General Benjamin Butler


Something for the weekend.  General Butler sung by Bobby Horton who wages a one man crusade to bring authentic Civil War music to modern audiences.  Butler was cordially hated by the South due to his tenure as military governor of New Orleans during which time he issued his infamous “Woman Order”:



New Orleans, May 15, 1862.
As the officers and soldiers of the United States have been subject to repeated insults from the women (calling themselves ladies) of New Orleans in return for the most scrupulous non-interference and courtesy on our part, it is ordered that hereafter when any female shall by word, gesture, or movement insult or show contempt for any officer or soldier of the United States she shall be regarded and held liable to be treated as a woman of the town plying her avocation.
By command of Major-General Butler:
Assistant Adjutant-General and Chief of Staff.


Jefferson Davis ordered that if he were ever captured Butler was to be executed as a common enemy of mankind.  This was ironic because at the 1860 Democrat Convention Butler voted 57 times to nominate Davis for President of the United States.  Without a doubt, however, Butler was the most hated Union general in the South.

However, due to Butler’s military incompetence, Union soldiers who had the misfortune to be under his command also had good reason to curse his name.
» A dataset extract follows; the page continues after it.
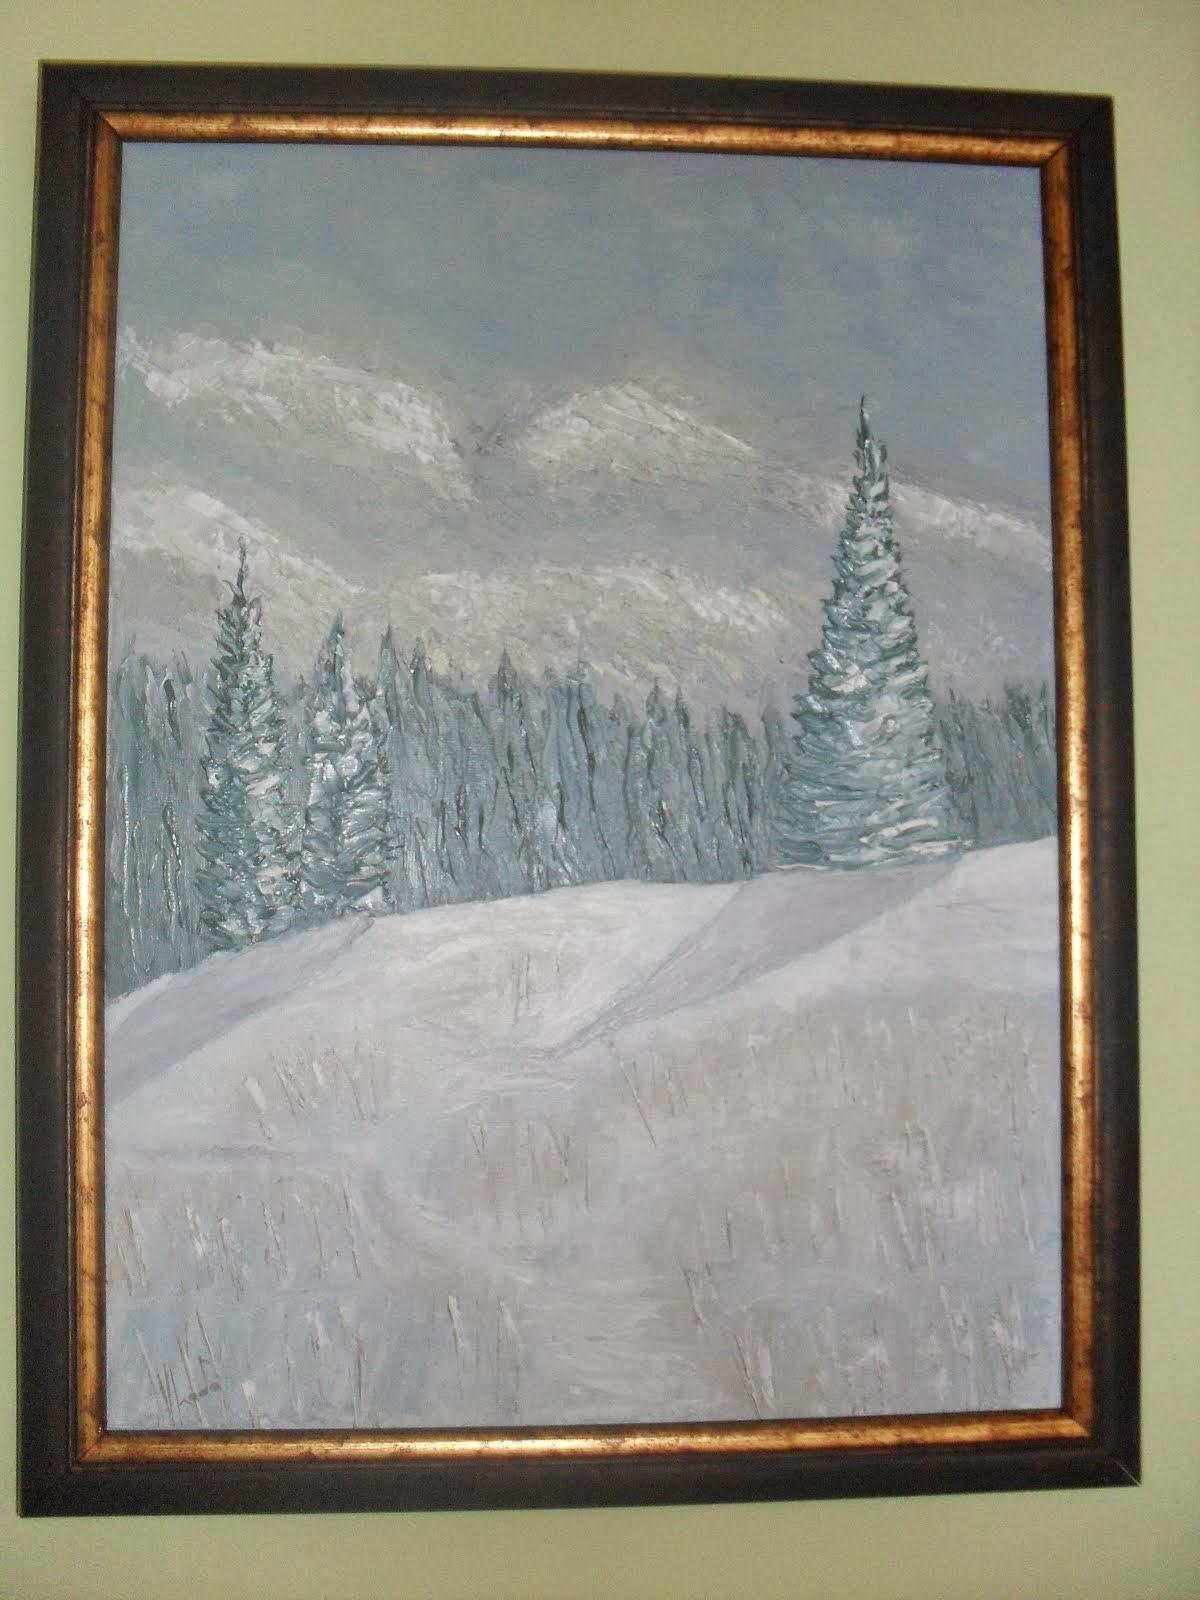 ulje na platnu,umetnička slika-ZIMA KOPAONIK-Vladisav Bogicevic slikar Luna-Nis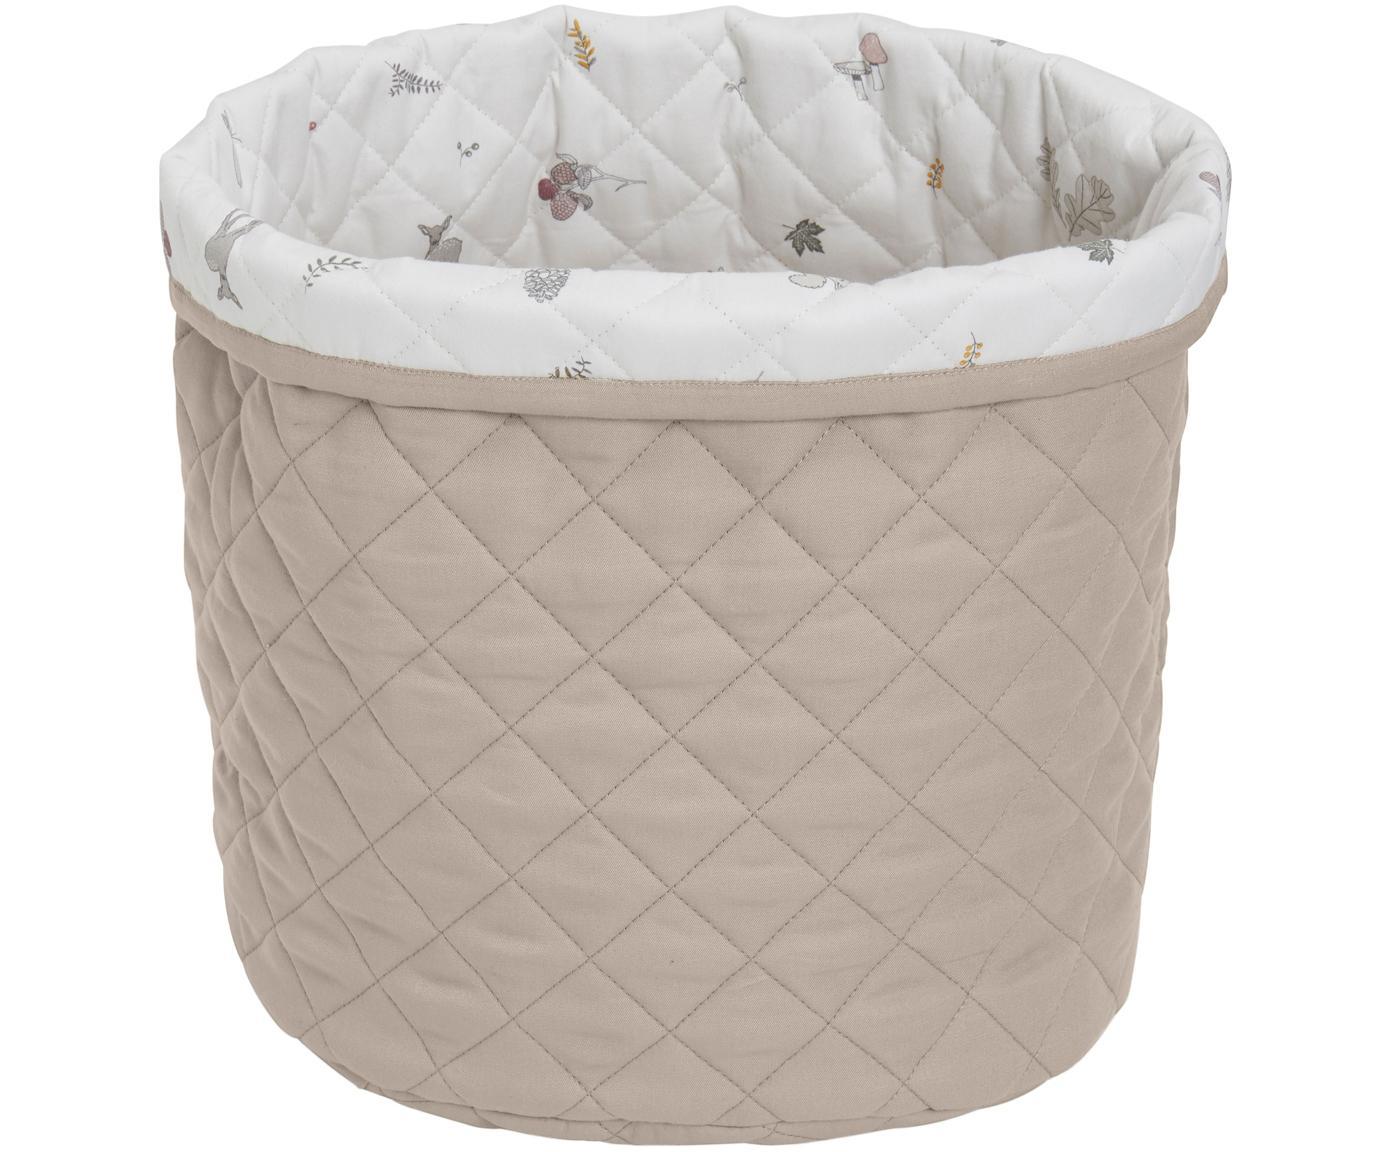 Kosz do przechowywania  z bawełny organicznej Fawn, Tapicerka: bawełna organiczna, Biały, brązowy, beżowy, Ø 30 x W 33 cm

There are of course several generals in the running for the title of most incompetent Union general:  Ambrose Burnside, Don Carlos Buell, John Pope, Henry Halleck, Nathaniel Banks and the list could go on for some length.  However, for me the most incompetent general clearly is Benjamin Butler.  A political general appointed by Lincoln to rally War Democrats for the war effort, Butler in command was a defeat waiting to happen for any Union force cursed to be under him.  Butler during the Bermuda Hundred campaign in 1864 threw away chance after chance to take Richmond, with a timidity that rose to astonishing levels and an ineptitude at leading his forces that defies belief.  Grant summed up Butler’s generalship well in his Personal Memoirs when he recalled a conversation with his Chief of Engineers:

He said that the general occupied a place between the James and Appomattox rivers which was of great strength, and where with an inferior force he could hold it for an indefinite length of time against a superior; but that he could do nothing offensively. I then asked him why Butler could not move out from his lines and push across the Richmond and Petersburg Railroad to the rear and on the south side of Richmond. He replied that it was impracticable, because the enemy had substantially the same line across the neck of land that General Butler had. He then took out his pencil and drew a sketch of the locality, remarking that the position was like a bottle and that Butler’s line of intrenchments across the neck represented the cork; that the enemy had built an equally strong line immediately in front of him across the neck; and it was therefore as if Butler was in a bottle. He was perfectly safe against an attack; but, as Barnard expressed it, the enemy had corked the bottle and with a small force could hold the cork in its place.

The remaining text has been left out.